You've ran into the same kind of issue as a naive recursive implementation of the Fibonacci Numbers, but the way this algorithm works, it'll probably be much worst on the run time. Assuming that is the only issue with you're algorithm, then you just need to use memorization to ensure that the decomp is only calculated once for each unique input.
The way to spot this issue is to print out the values of i, j and k as the triple (i,j,k). In order to obtain a runtime of O(N^3), you shouldn't see the same exact triple twice. However, the triple (22, 24, 23), appears at least twice (in the 25), and is the first such duplicate.
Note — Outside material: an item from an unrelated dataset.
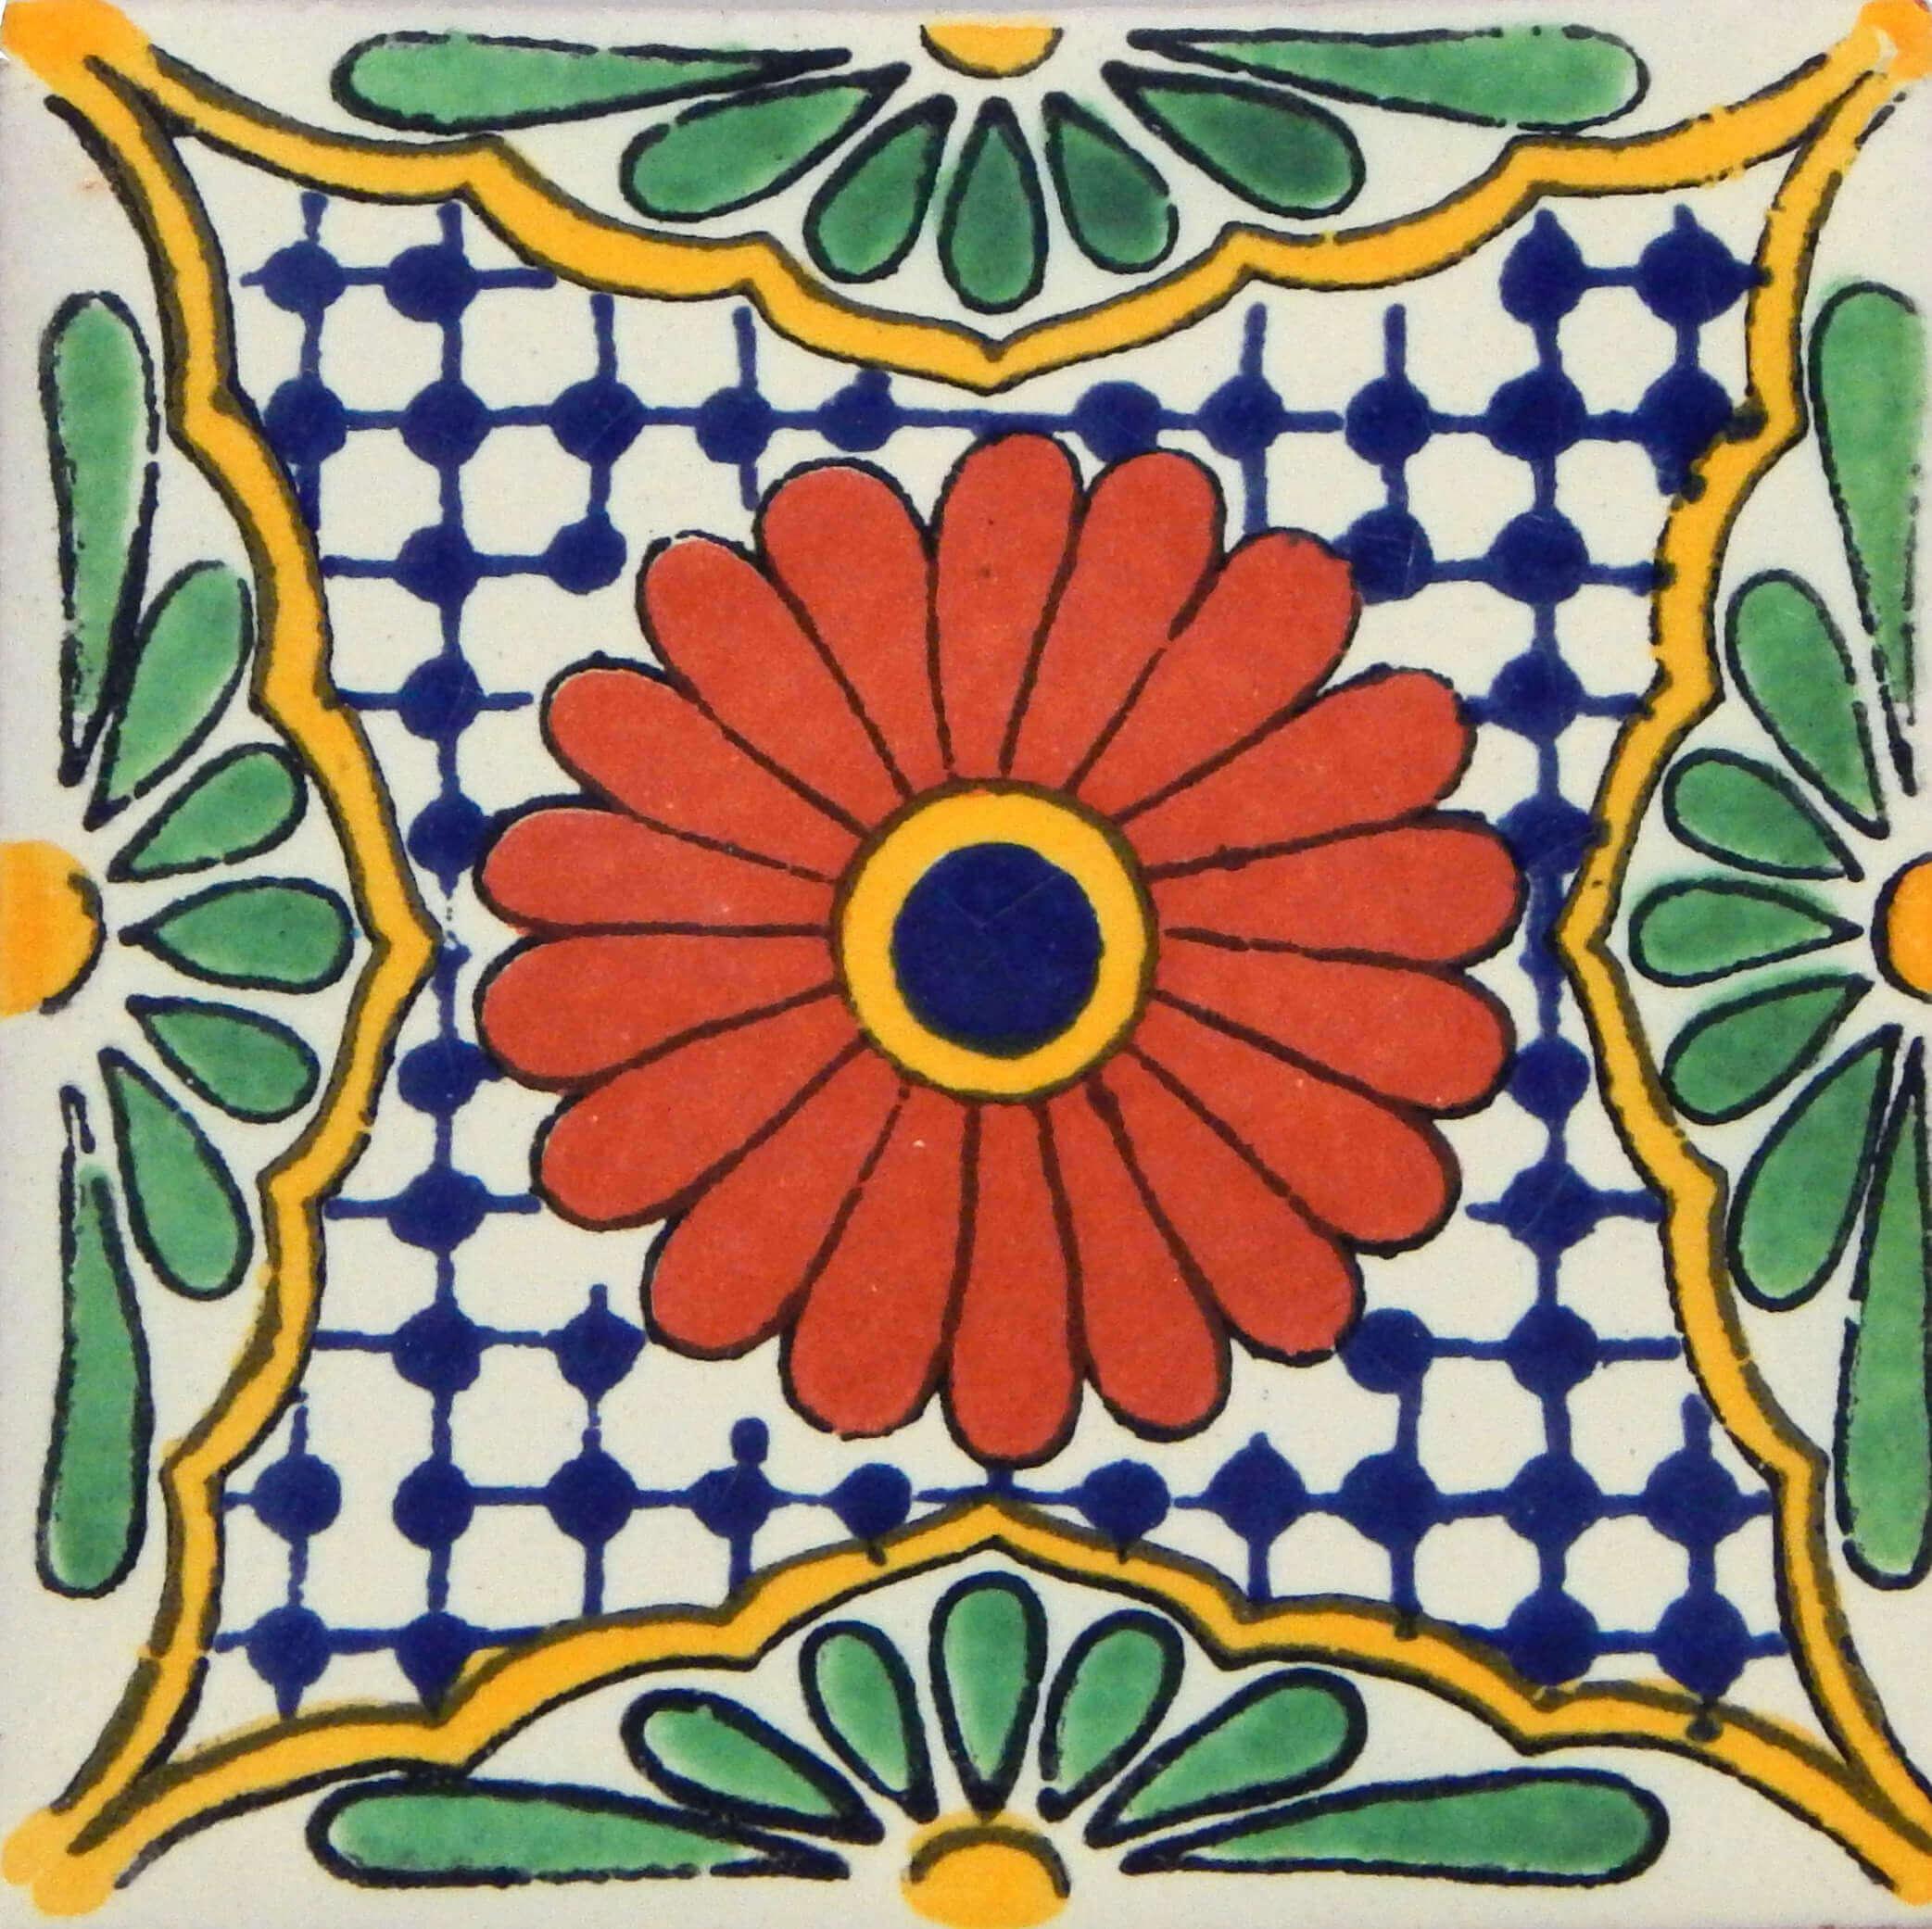 Flor de Pascua Mexican Decorative Folk Art Tile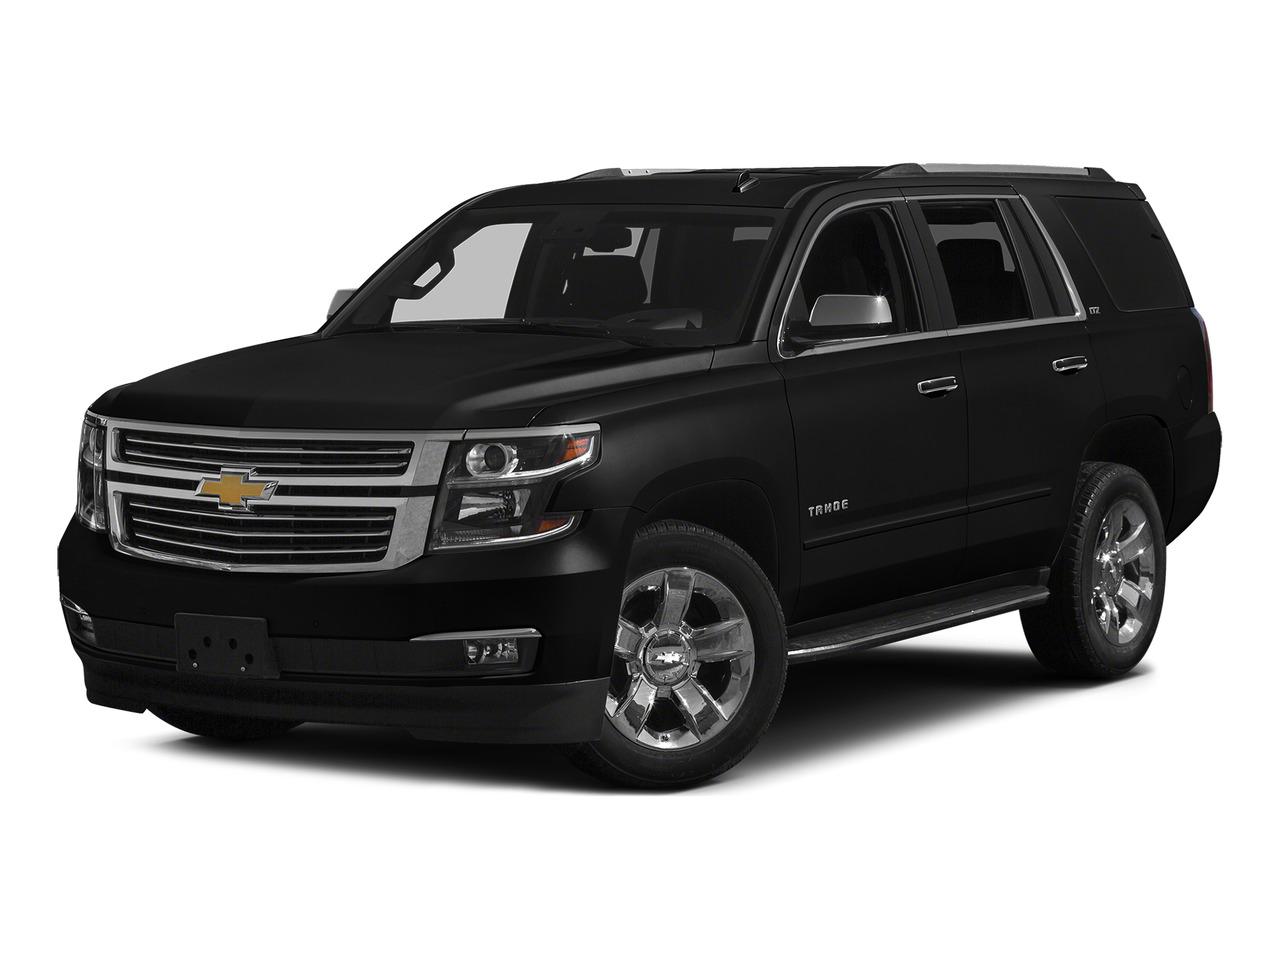 Black 2015 Chevrolet Tahoe LTZ SUV Wake Forest NC

That shows the algorithm is calculating the same thing multiple times, which is inefficient, and is bumping up the performance well past O(N^3). I'll leave figuring out what the algorithms actual performance is to you as an exercise. Assuming there isn't something else wrong with the algorithm the algorithm should eventually stop.